Chapter Twenty-Four – Ingenious
byChapter Twenty-Four – Ingenious
“Trash Island is probably the most famous location filled with human waste, but there are other, larger deposits. Notable examples are the Cambodian trash castle, Malaysia, and the Philippines.
There are also super-landfills closer to home.
Such as Florida.”
–“Where’s the Trash?” Death Magazine article, 2046
***
“Ouch,” I said to the dirty ceiling of the decontamination room.
Something banged against my shin, and I folded my knee so that whatever it was could get past.
The door closed, and the room thumped as it locked. “Cat! Are you okay?”
I swallowed, then raised my head. Gomorrah was standing next to the heavy door, a hand on the handle. She’d closed it, which, all things considered, was pretty clever. I looked lower, towards my chest. There was something flat and shiny squished under one breast.
Reaching over, I tugged at it, then inspected the almost flower-shaped disk that must have been a bullet a moment ago. “Oh,” I said. “That’s what hit me.”
My armour had a small smear, the paint over that area scuffed. No dents though, which was nice. “Are you injured?” Gomorrah asked.

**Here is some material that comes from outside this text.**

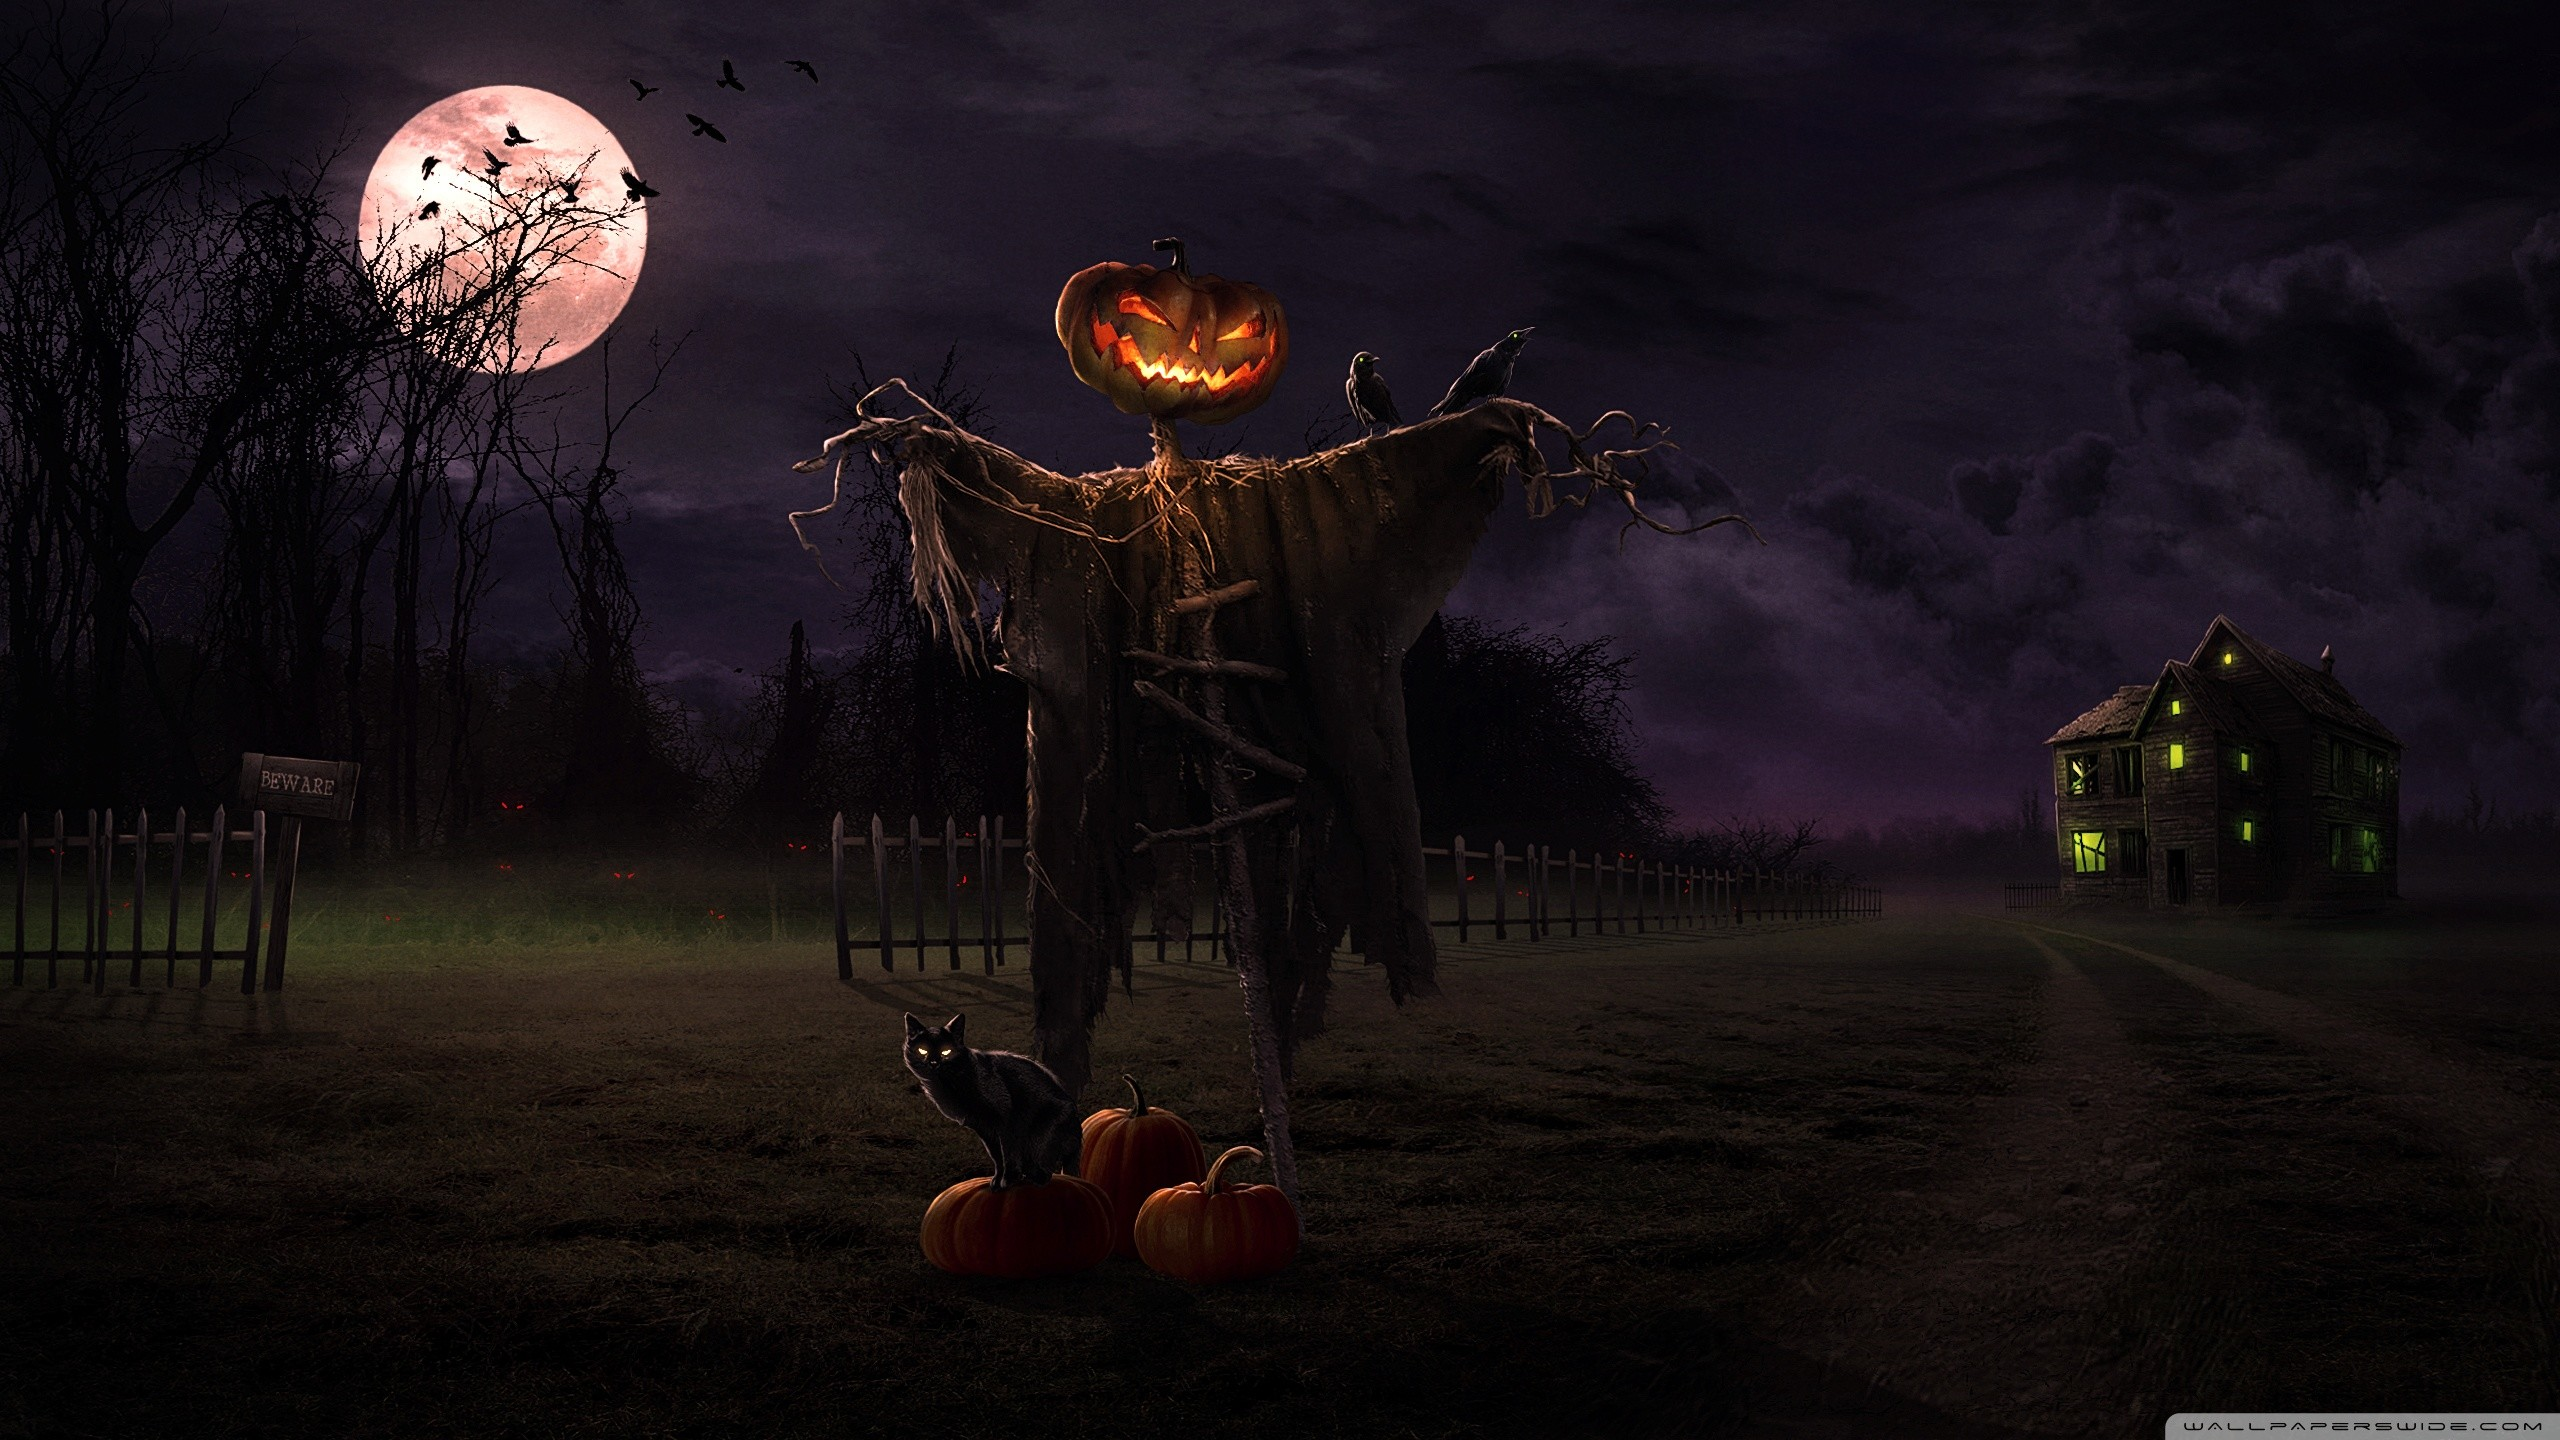 Spooky Path HD Wide Wallpaper for Widescreen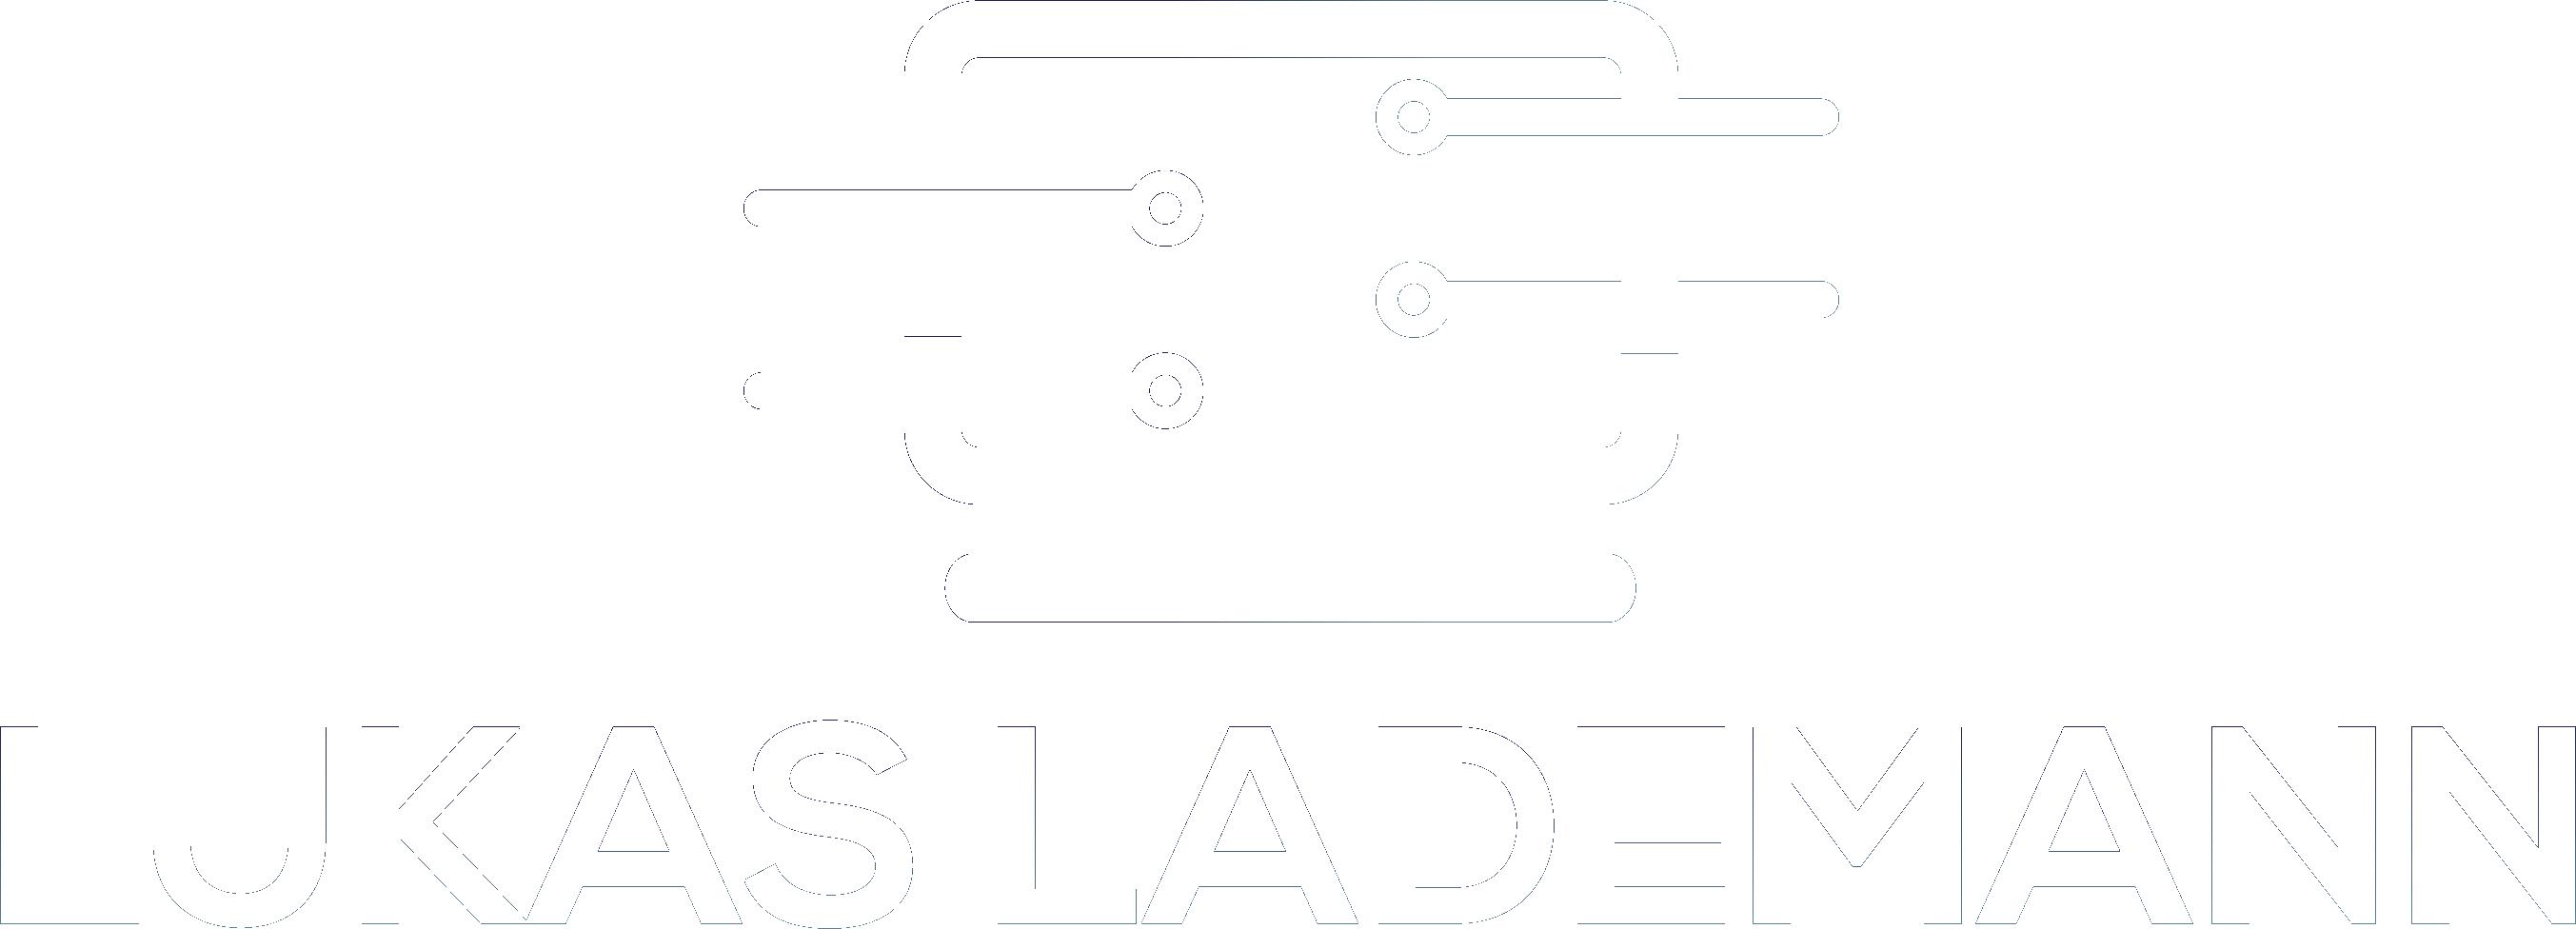 Lukas Lademann

“I don’t think so,” I said. I climbed onto my elbows. “What the fuck was that?”
“A gun. I think it’s a turret—I didn’t exactly stop to stare,” Gomorrah said.
“Not the nicest welcome,” I said.
“I can’t detect any electronic switches, or any program designed to fire a weapon in the vicinity. It’s possible that the trap is entirely mechanical,” Myalis said for our benefit.
Grunting, I half-turned, then stumbled to my feet as the shower started to spit and gush water back down onto us. “Great,” I said. “Should we try again?”
“You want to get shot again?” Gomorrah asked.
I chuckled. “No. I’m standing to the side this time.”
Gomorrah did the same, stepping back so she was pressed up against the wall. I reached over and tugged the door open, the massive thing creaking even as the water from the decontamination shower finally stopped.
Nothing happened.
“Alright,” I said. “Myalis, do my shoulder guns have cameras?”
They do.
I deployed one of my railguns, then leaned over so that it could poke out around the corner. Myalis helpfully filled the vision of my cybernetic eye with the fish-eyed sight from my gun’s camera-sight. There was a plain corridor, relatively wide, with pipes here and there and a lot of fifty-five gallon drums to the side. In the middle of it was a rickety table, one with fold-out legs, and atop that a gun in some homemade rack.
“That thing looks like it was put together by a kid,” I said as I flicked my railgun back off and moved into the corridor.
A glance to the side revealed the trigger. A bit of rebar, held in place by a few nails welded into the wall next to the door. A piece of cardboard was taped on the end. Opening the door shoved the cardboard aside and made the rebar drop, which tugged at what looked like a piece of fishing line that ran through some rings all the way over to the gun.
Gomorrah inspected the booby-trap, then hummed. “Primitive,” she said.
“It worked though,” Rac said.
I rubbed at my chest. “Yeah, it did. Very creative. I’d give the asshole that put this together a gold star if I could find him.”
“I don’t know if this alerted anyone,” Gomorrah said. “It looks like the kind of trap that you just need to know about to avoid.” She reached into the decontamination airlock and pulled out a long bar with a crude hook on the end. Something to disarm the trap from within, I guessed.
“There are marks on the walls,” Franny said.
“Where?” I asked as I looked around.
“In the airlock,” she said. “I thought they were graffiti.”